= Marquis D. Jones Jr. =

American judge

Marquis D. Jones Jr. served as a State of New Jersey Superior Court Judge, Ocean County, from 2008 to 2015. Jones was one of only two African Americans to serve on the Ocean County Superior Court bench at the time. Prior to being appointed judge, Jones was First Assistant Corporation Counsel/Acting Corporation Counsel, in Newark's Law Department, working under Cory A. Booker, then Mayor of Newark, from 2006 to 2008. Upon taking the bench as Superior Court Judge, Booker called Jones "inspirational."

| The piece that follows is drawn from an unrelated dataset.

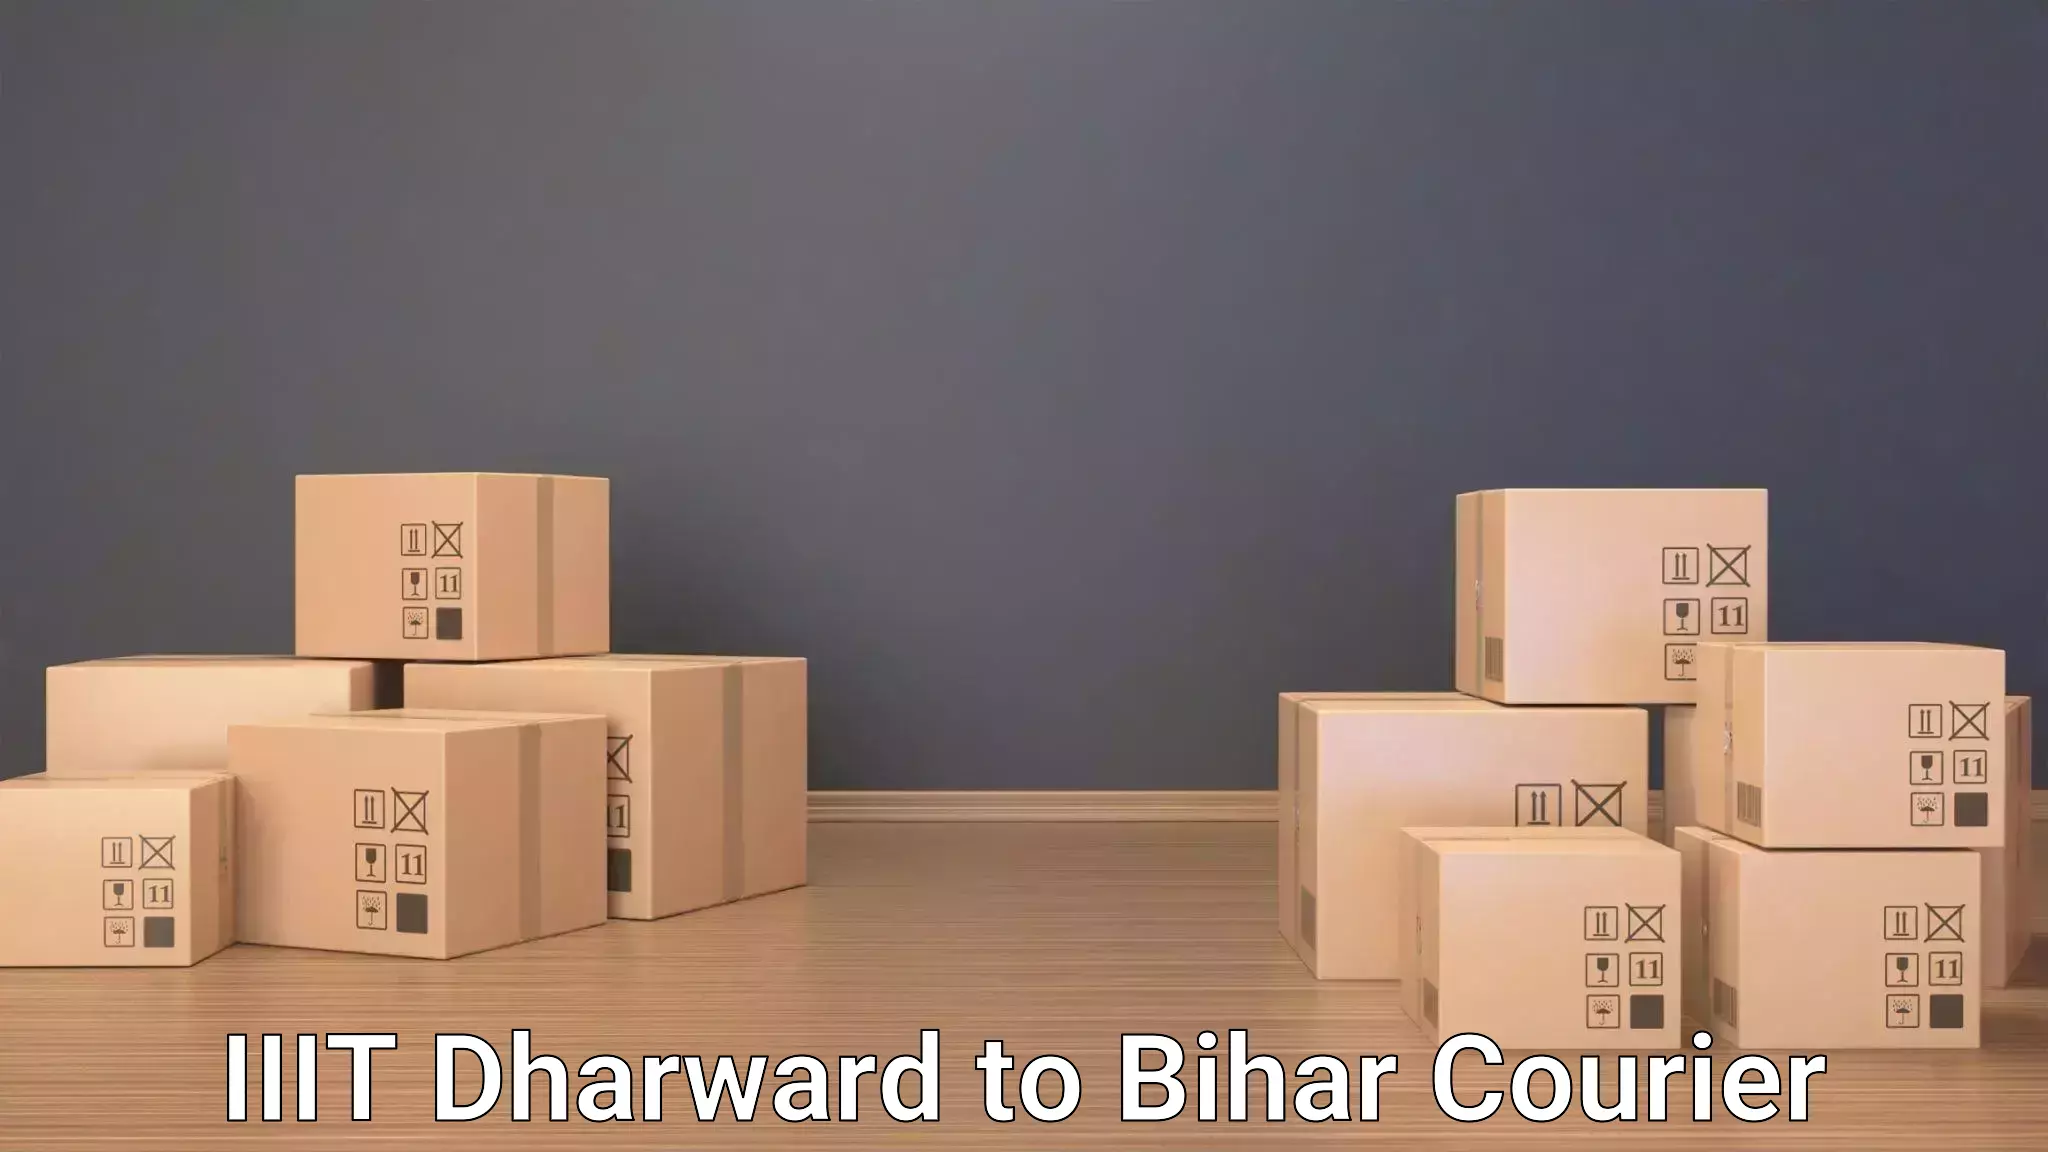 Holiday season luggage delivery IIIT Dharward to Vaishali

From 2003 to 2006, Jones served as Deputy Attorney General in the New Jersey Office of the Insurance Fraud Prosecutor (OIFP). In this role, Jones is credited with prosecuting Medicaid fraud matters. He also served as an editor for the NJ Office of Insurance Fraud Prosecutor's 2004 and 2005 Annual Report to New Jersey's Governor and State Legislators. Jones graduated from Rutgers Law School, Newark, in 1994, and from Rutgers University New Brunswick in 1991 with a B.A. in journalism and economics. He is currently a practicing family law attorney with Weinberger Law Group.

Jones was suspended from the bench for four months without pay and was ordered to complete an alcohol treatment program by the New Jersey Supreme Court after an ethics complaint detailed his inappropriate conduct at a judiciary holiday party. During the party, Jones groped five female probation officers. Jones was not reappointed to the bench by Governor Christie.